I am a woman, and as a woman I am oppressed. Although it is not fashionable to talk of “oppression” these days, it’s as real as it was 10 or 15 years ago. I am also a working person. As a working person in a capitalist system I am exploited. That is also just as true as it was in the ’60s—or in the ’30s for that matter. That is the consciousness I speak from and I’m not ready to admit we’ve lost the war, only the battle.

I think it is partially incorrect to talk about the ’60s as a separate decade of glorious radical or revolutionary activism. For one thing the radical activity had its roots in the 1950s. It started with the political activity of black people in the 1950s, such as the Montgomery bus boycott. While white radicals (and some black radicals, too) were ducking the ruling class’s attacks in what is called “The McCarthy Era,” black people were starting to move. We must remember that the Black liberation movement was the spark that lit the prairie fire of what we are referring to as ’60s activism. Of course it started even before that. All history is built on what went before, but it was the immediate spark.

Also, I was at a meeting in New York City recently with a number of early Women’s Liberation Movement activists—many of who had a hand in launching the WLM. As we were lamenting the demise of those “good old days,” one woman spoke up and reminded us that those days were in fact not all good. She talked about the breast beating, honcho, rhetoric-filled, revolutionary posturing of the male-dominated movement. The male supremacy of the ’60s radical activist movement was, in fact, a major reason the WLM came into being in the first place.

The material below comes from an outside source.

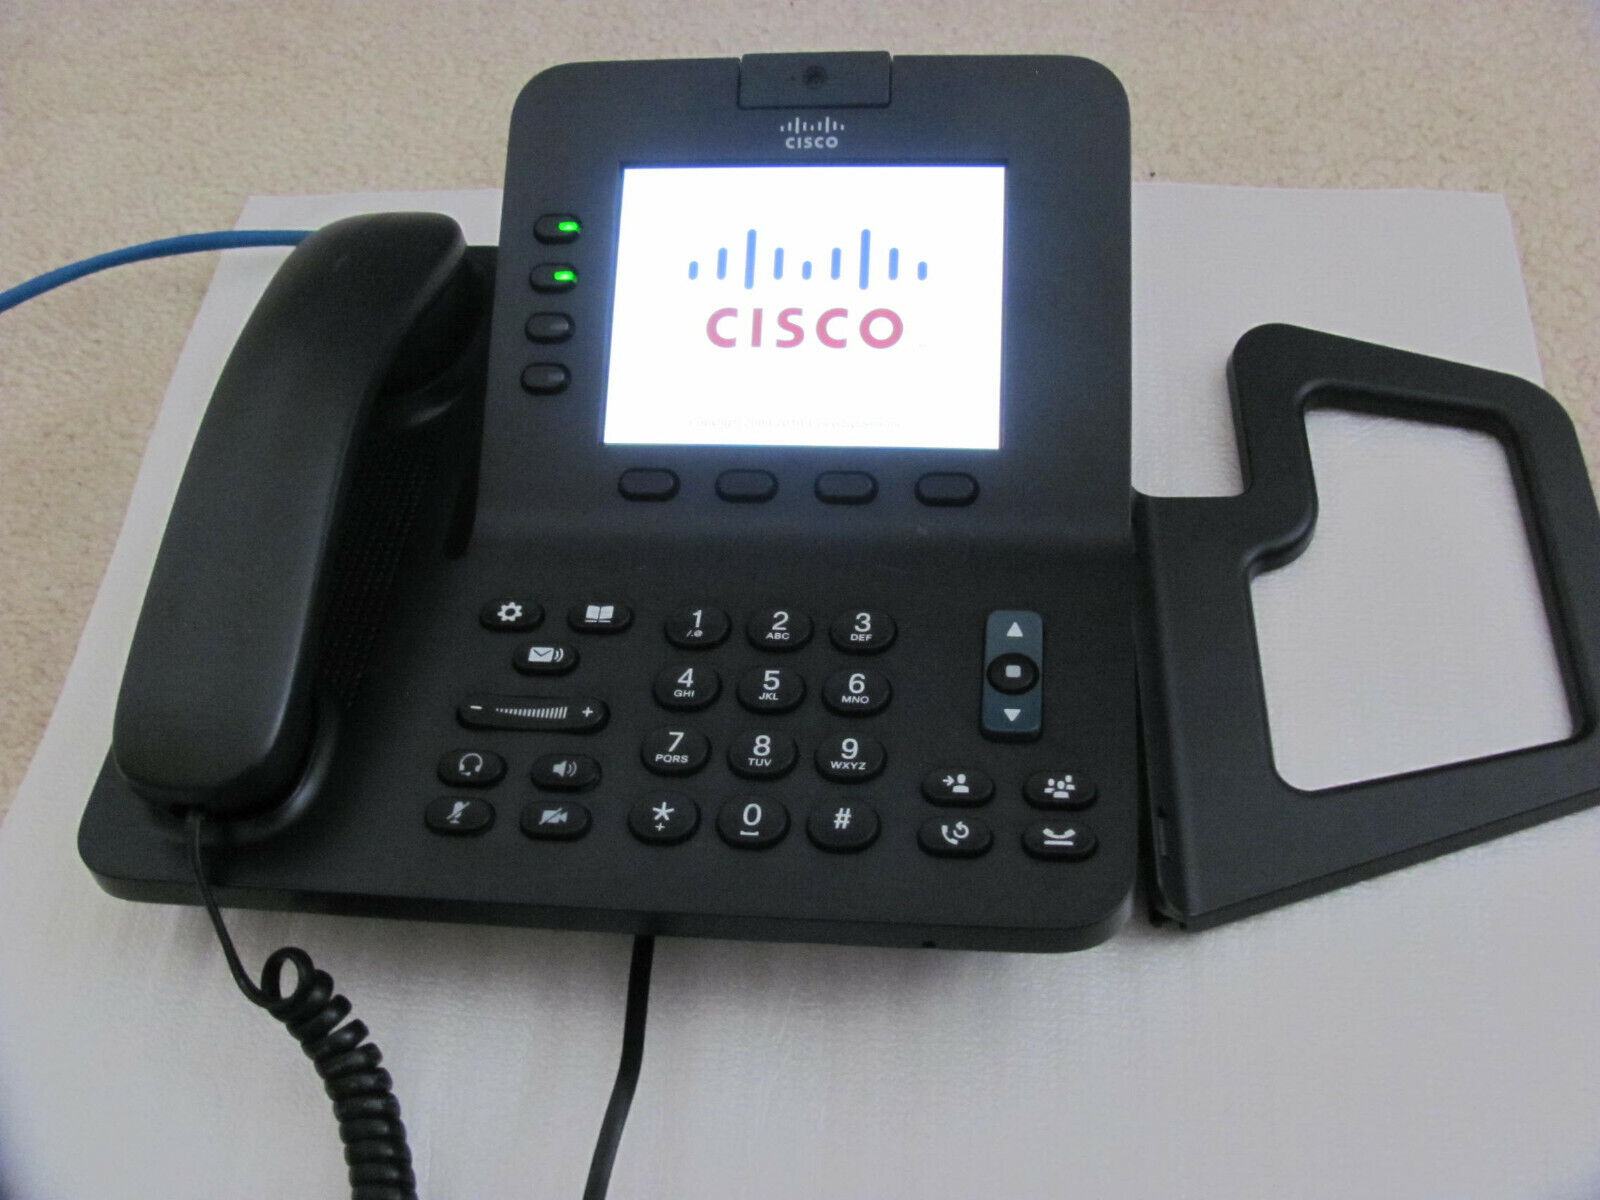 Lot of 2 Cisco CP-8945 Video Cam Conference Voip Phone Color Screen CP-8945-K9

And the activism of the WLM did not end with the ’60s, but lasted well into the ’70s.

In fact, when you take off the rose-colored glasses and apply a little hindsight, you realize that it wasn’t just on the “woman question” that the radical movement was lacking. Where have all the ’60s gone? We reap what we sow, and the situation we are in now is very much related to what happened then.

Instead of thinking of periods of history separated by decades, it’s much more helpful to think in terms of assessing our past so that we can see the next step—what needs to be done.

There are two major categories of reasons why activism dropped off. One was the repressive attacks by the ruling class to wipe us out, and the other was our own mistakes. The tactics of the enemy against the movement took four basic forms:

1. One was the BLATANT VIOLENCE FROM THE POLICE CLUBS AND GUNS—the murder and beatings and harassment of both ordinary protester and of leaders. The Black liberation movement got the brunt of this, though whites got it too. It frightened and demoralized many people.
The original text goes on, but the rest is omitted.